* [Exercise description] Among the lines below, output only those between the line holding "uniross smart tech" and the line holding "Khai mạc vòng", inclusive, exactly as written and with no pictures.

* [Study material]
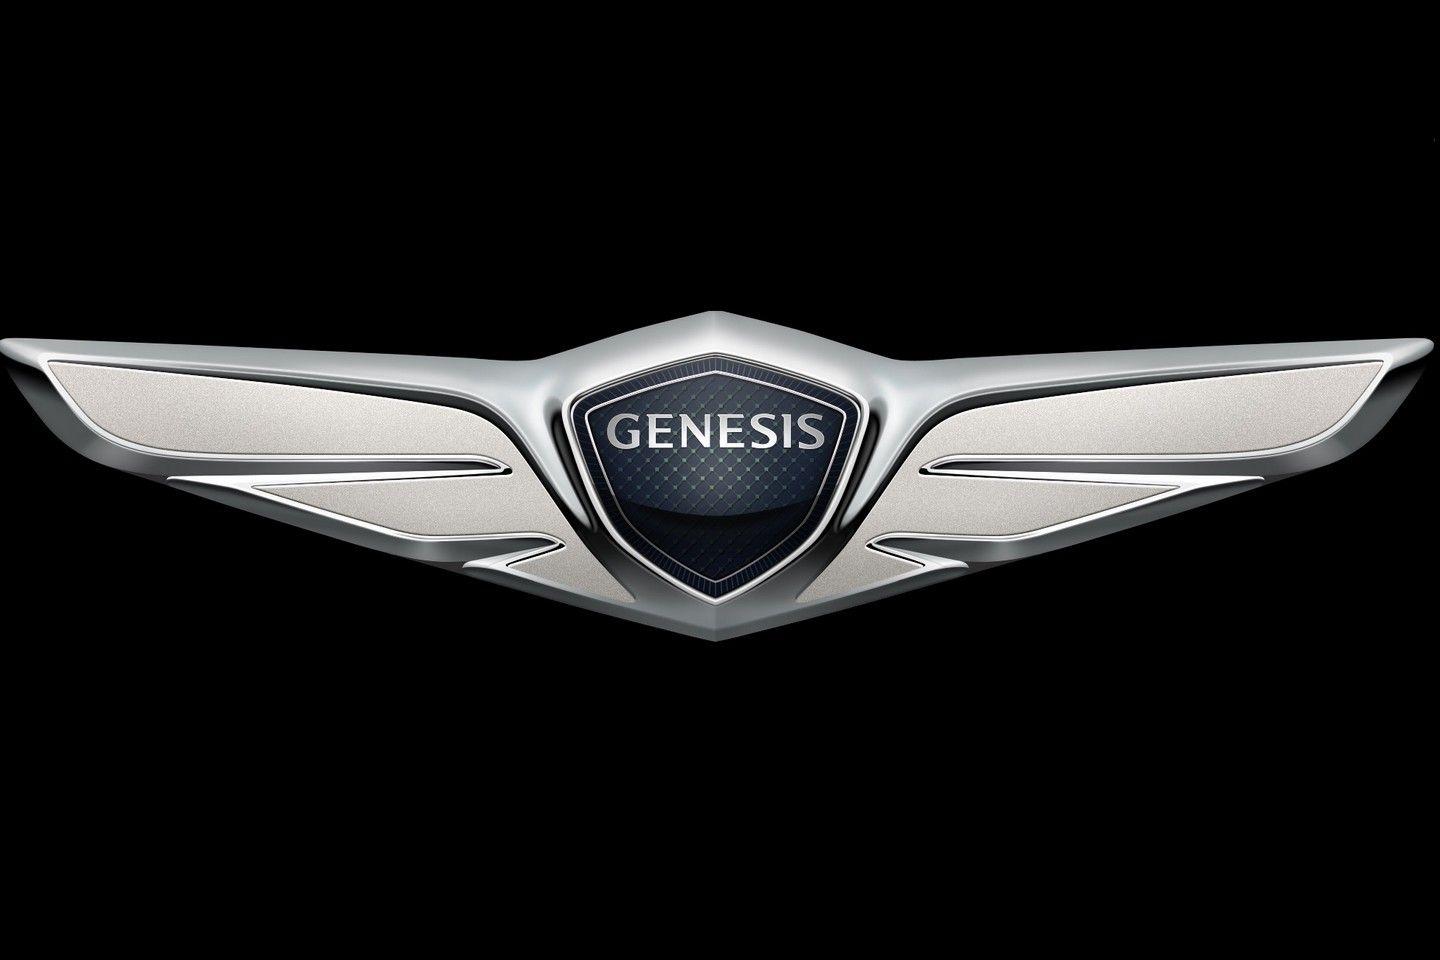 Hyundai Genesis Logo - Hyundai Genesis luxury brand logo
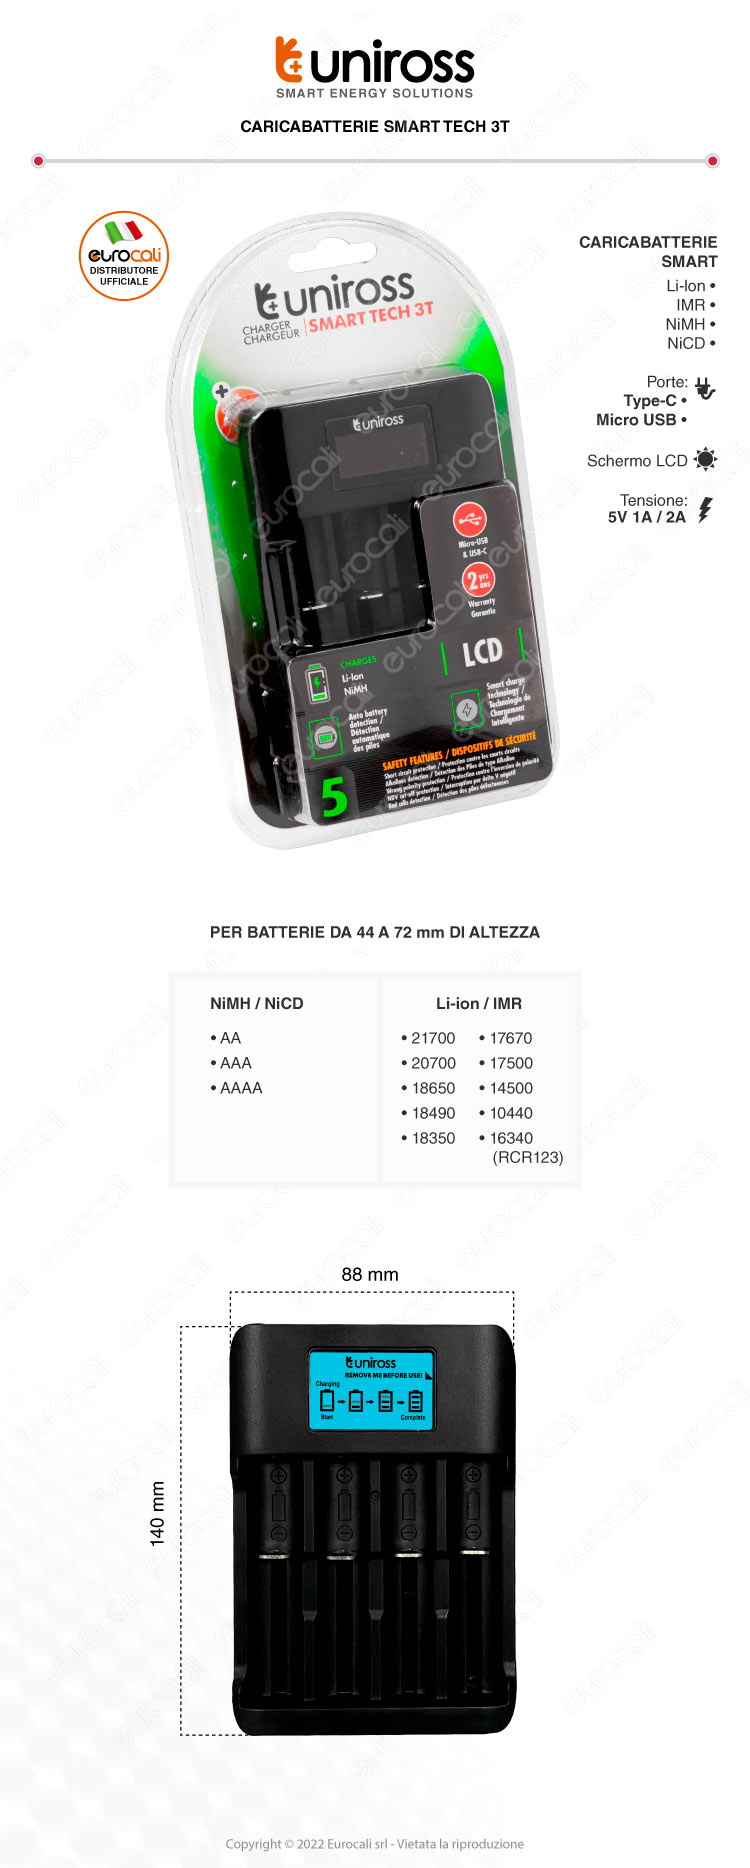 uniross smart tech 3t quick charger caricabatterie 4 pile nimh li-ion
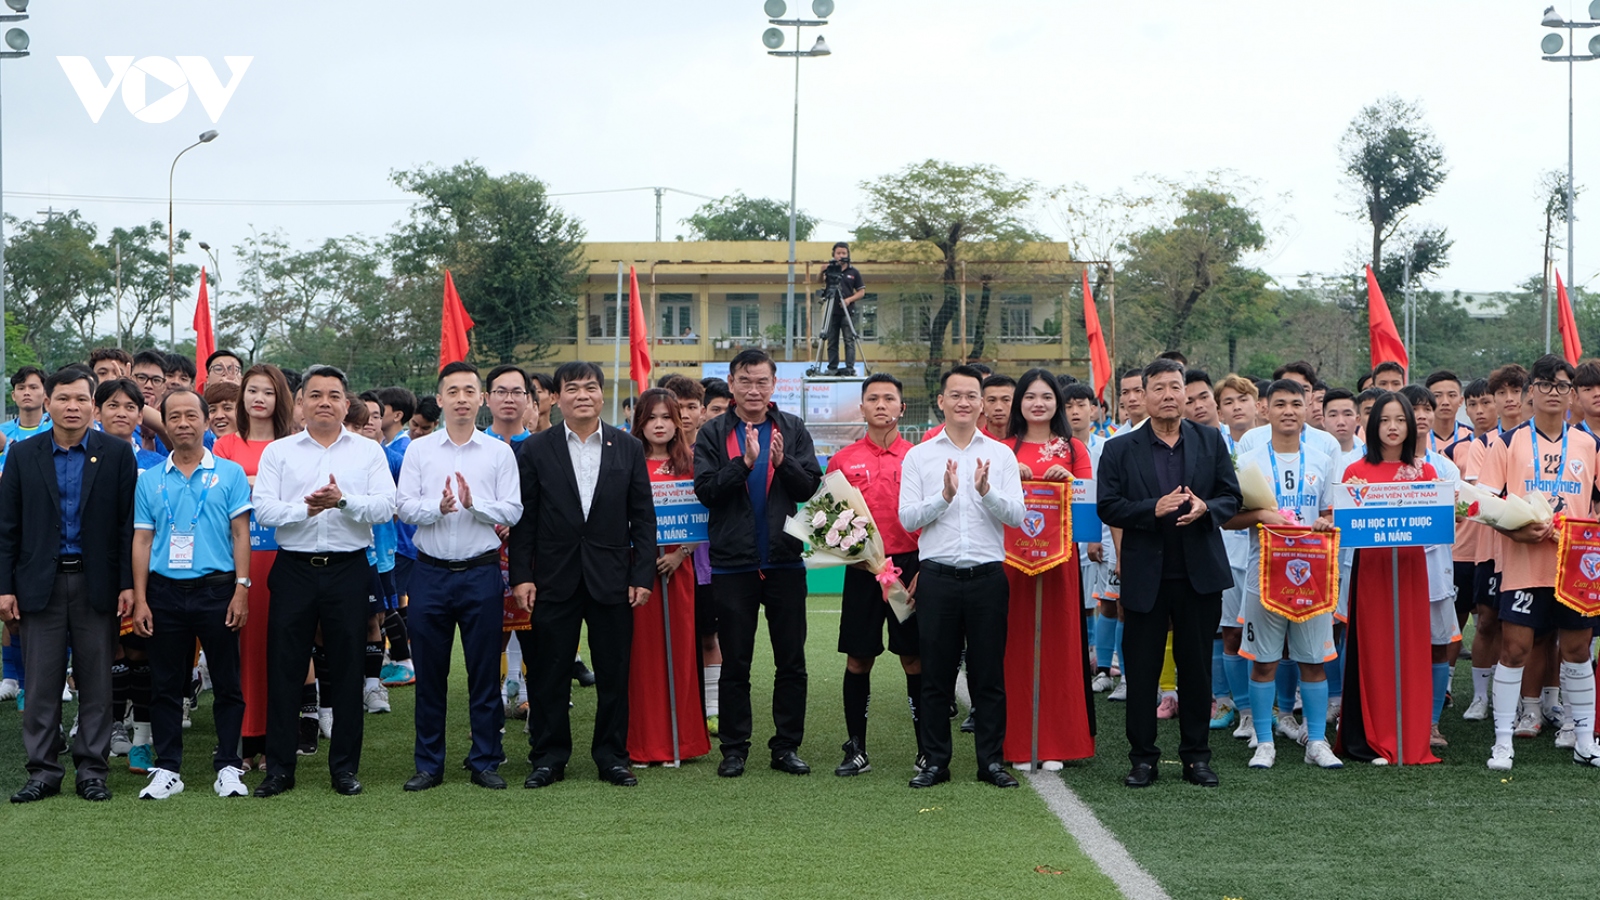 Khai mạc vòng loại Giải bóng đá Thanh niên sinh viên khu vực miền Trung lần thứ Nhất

==

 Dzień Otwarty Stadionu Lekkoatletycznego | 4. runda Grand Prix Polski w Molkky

...

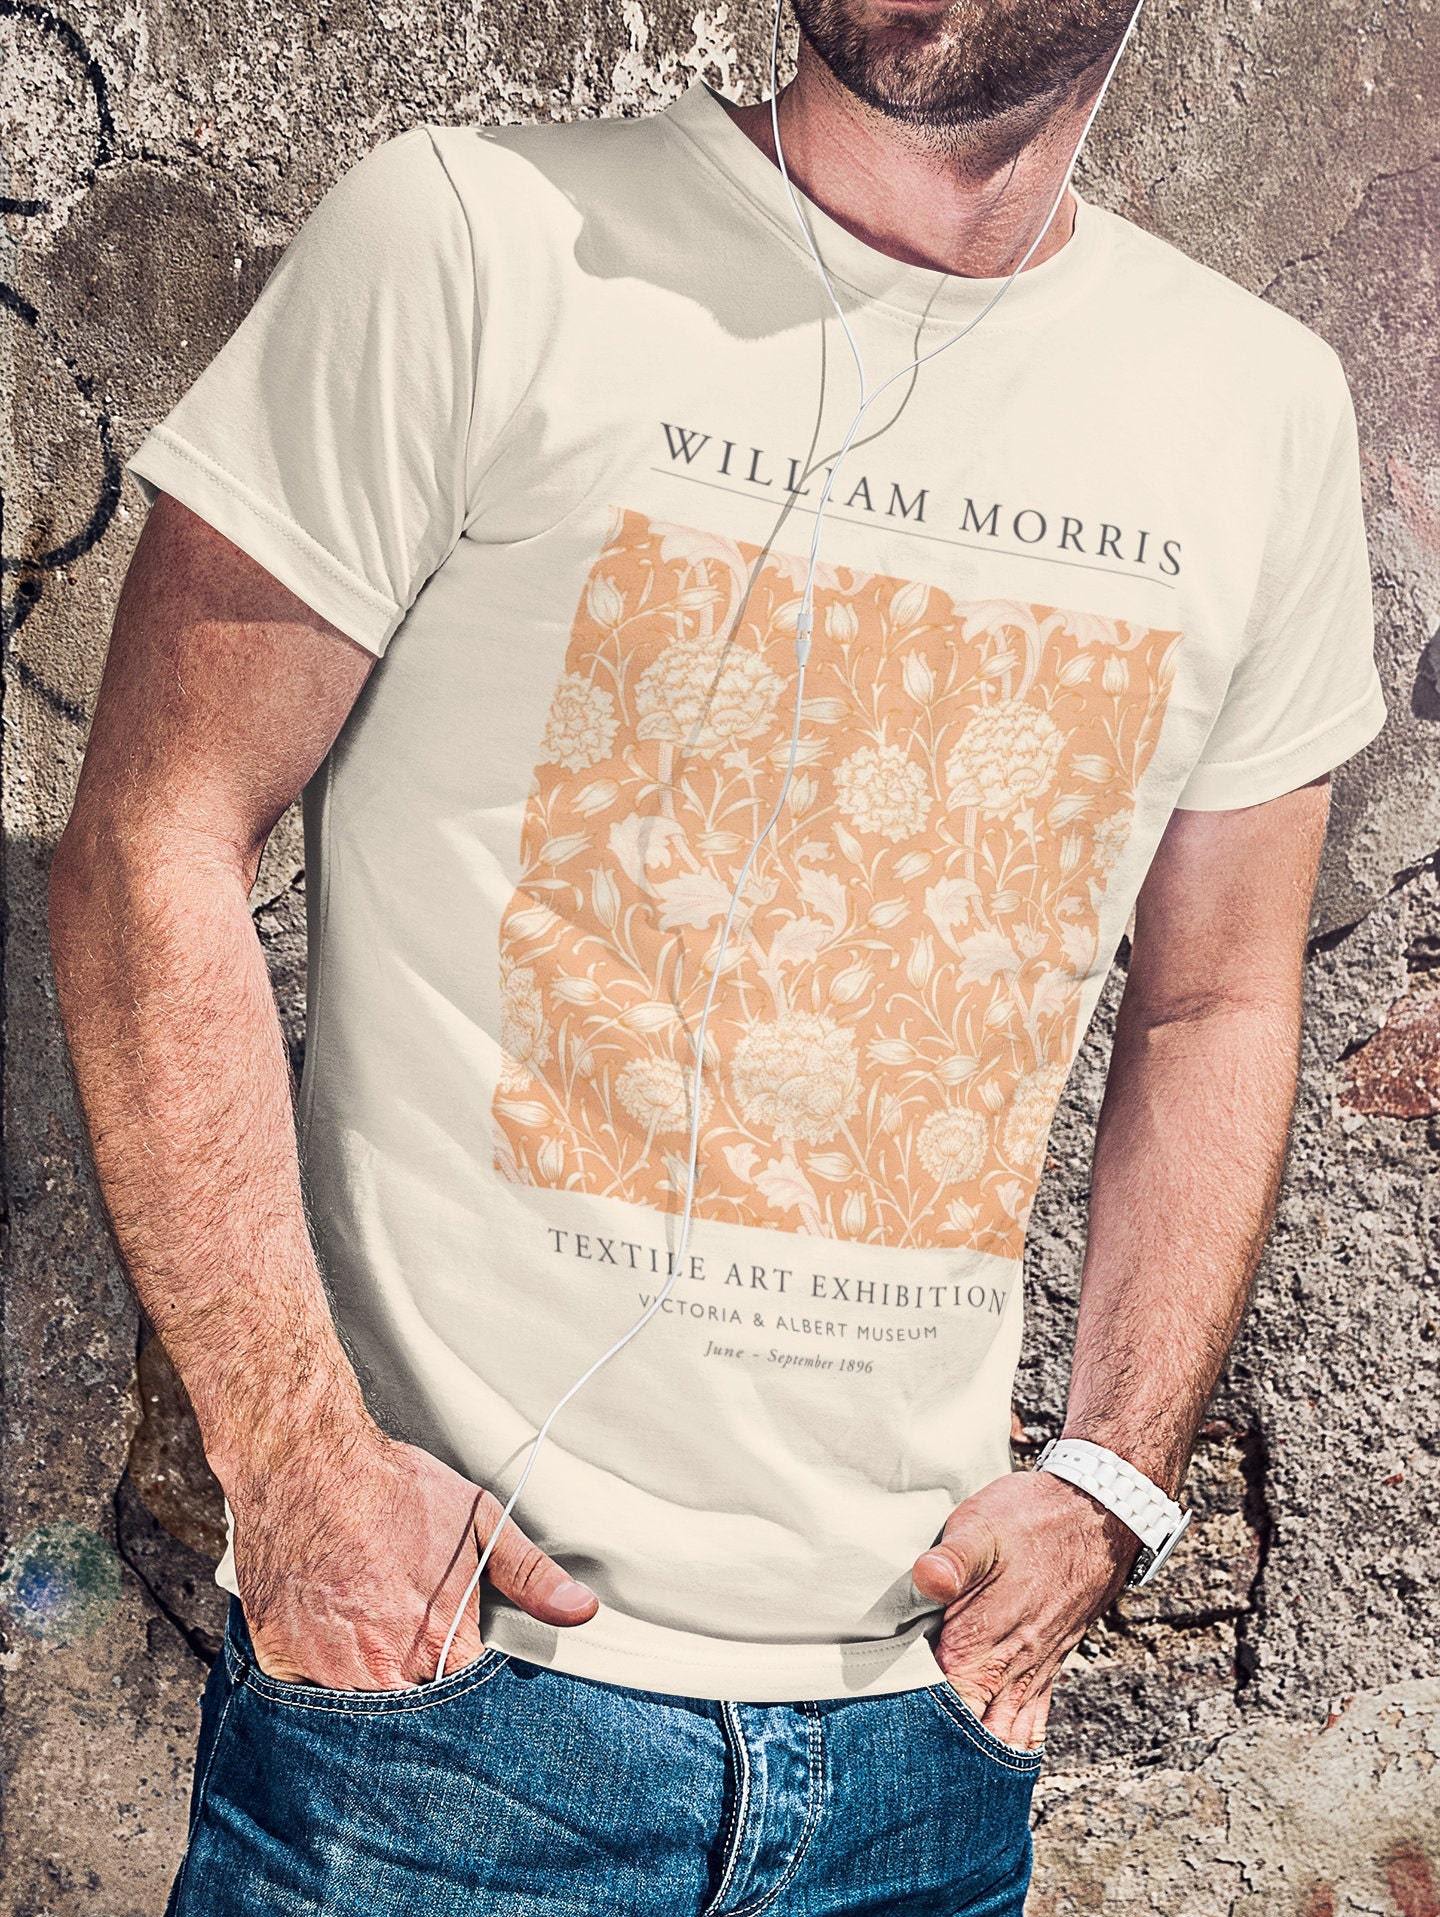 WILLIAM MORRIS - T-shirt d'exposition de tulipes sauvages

* [Response to this task]
 uniross smart tech 3t quick charger caricabatterie 4 pile nimh li-ion
 Khai mạc vòng loại Giải bóng đá Thanh niên sinh viên khu vực miền Trung lần thứ Nhất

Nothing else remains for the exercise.